Zeugen Raucher asthmatische Kinder?

Phyllis Kuhn Medizinredakteurin

Kinder, die mit Zigarettenrauch in Kontakt kommen, haben ein erhöhtes Asthma-Risiko. Eine Studie aus Norwegen zeigt: Offenbar spielen rauchende Väter dabei eine größere Rolle, als bisher angenommen.

Kind mit Asthma
Asthma gehört zu den häufigsten chronischen Erkrankungen bei Kindern © alamy

Schon lange ist bekannt, dass der Lebensstil der Eltern großen Einfluss auf die Gesundheit der Kinder hat. Und zwar während der Kindheit, aber auch schon vor der Geburt – sogar vor der Zeugung. Bisher stand dabei immer der Lebensstil der Mutter im Fokus. So ist bekannt, dass Stress, schlechte Ernährung sowie der Konsum von Alkohol und Zigaretten der Entwicklung des Kindes direkt schaden können.  Hinweise darauf, dass auch gesundheitsschädigendes Verhalten des Vaters die Nachkommen eines Paares beeinflussen kann, verdichten sich inzwischen zunehmend. Schädlichstes Verhalten ist dabei anscheinend das Rauchen.

 

Kinder von rauchenden Vätern haben dreimal so hohes Asthma-Risiko

Forscher aus Norwegen haben in einer umfangreichen Meta-Analyse die Daten von 24.000 Kindern und deren Eltern untersucht. Dr. Cecilie Svanes vom Zentrum für internationale Gesundheit in Bergen und ihr Team machten dabei eine überraschende Entdeckung: Kinder von rauchenden Vätern litten mehr als dreimal so häufig an Asthma, wie Kinder von Nichtrauchern. Und das auch, wenn die Väter bereits bis zu fünf Jahre vor der Zeugung mit dem Rauchen aufgehört hatten. Je länger die Väter zum Glimmstängel griffen und je früher sie damit begonnen hatten, desto höher war das Risiko für eine Asthma-Erkrankung ihrer Kinder. Überraschenderweise zeigte die Studie keinen Einfluss auf das Asthmarisiko des Kindes, wenn die Mütter zuvor geraucht hatten.

 

Rauchen verursacht epigenetische Schäden

Die Forscher gehen davon aus, dass das Rauchen bei den Vätern epigenetische Schäden verursacht und diese über die Spermien an den Nachwuchs weitergegeben werden. Das bedeutet, dass durch äußere Faktoren – in diesem Fall das Rauchen – Mechanismen geändert werden, die zu einem stärkeren oder schwächeren Ablesen bestimmter Gene führen. Dabei wird zwar die Aktivität eines Gens, aber nicht deren Erbinformation an sich geändert.

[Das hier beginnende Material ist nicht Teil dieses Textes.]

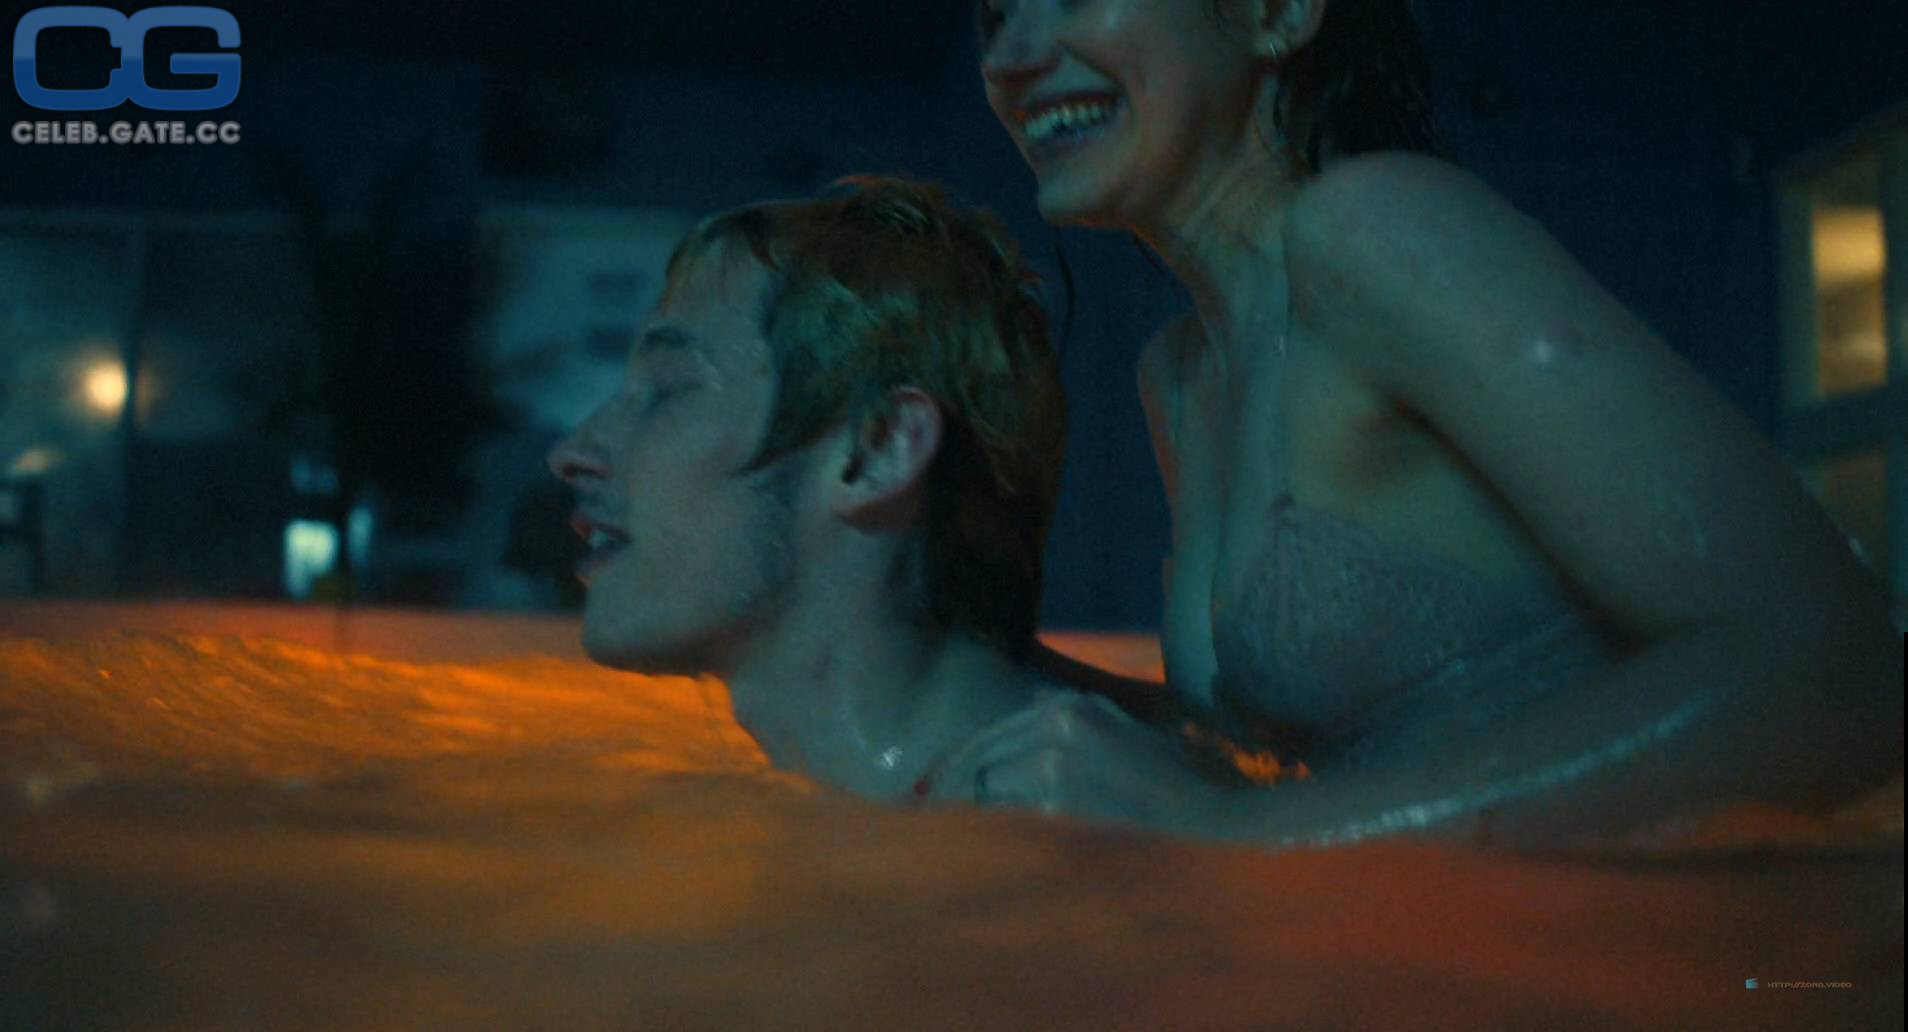 Imogen Poots Fappening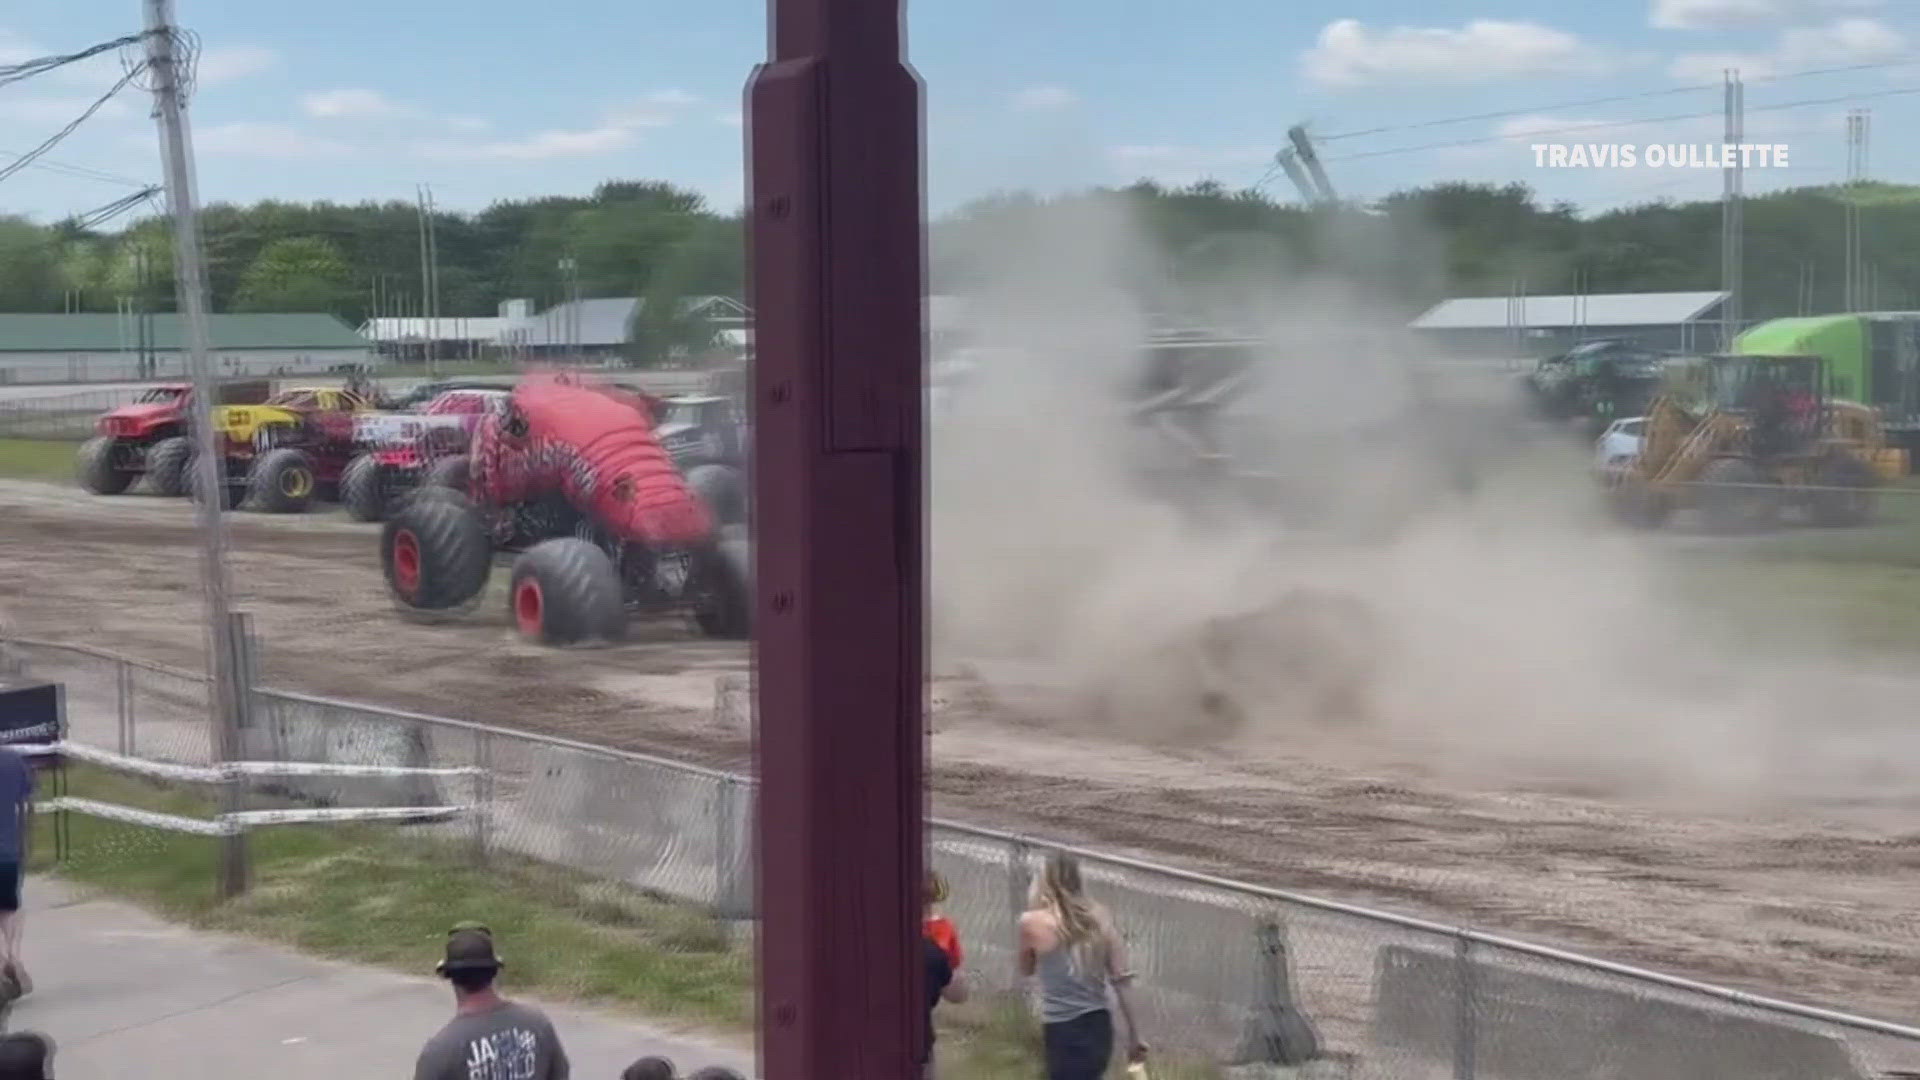 A monster truck went over a jump and hit an aerial utility wire that was across the race track. The wire got stuck on the truck, pulling down several utility poles.

Svanes plädiert aufgrund der Ergebnisse ihres Teams für eine bessere Aufklärung unter Männern, welchen Einfluss das Rauchen für späteren Nachwuchs haben kann: „Politische Entscheidungsträger sollten sich bei Interventionen auch auf junge Männer konzentrieren und diese vor den Gefahren des Rauchens speziell für deren ungeborene Kinder warnen“.

Hamburg, 3. Oktober 2016

Das könnte Sie auch interessieren
Themen
Copyright 2018 praxisvita.de. All rights reserved.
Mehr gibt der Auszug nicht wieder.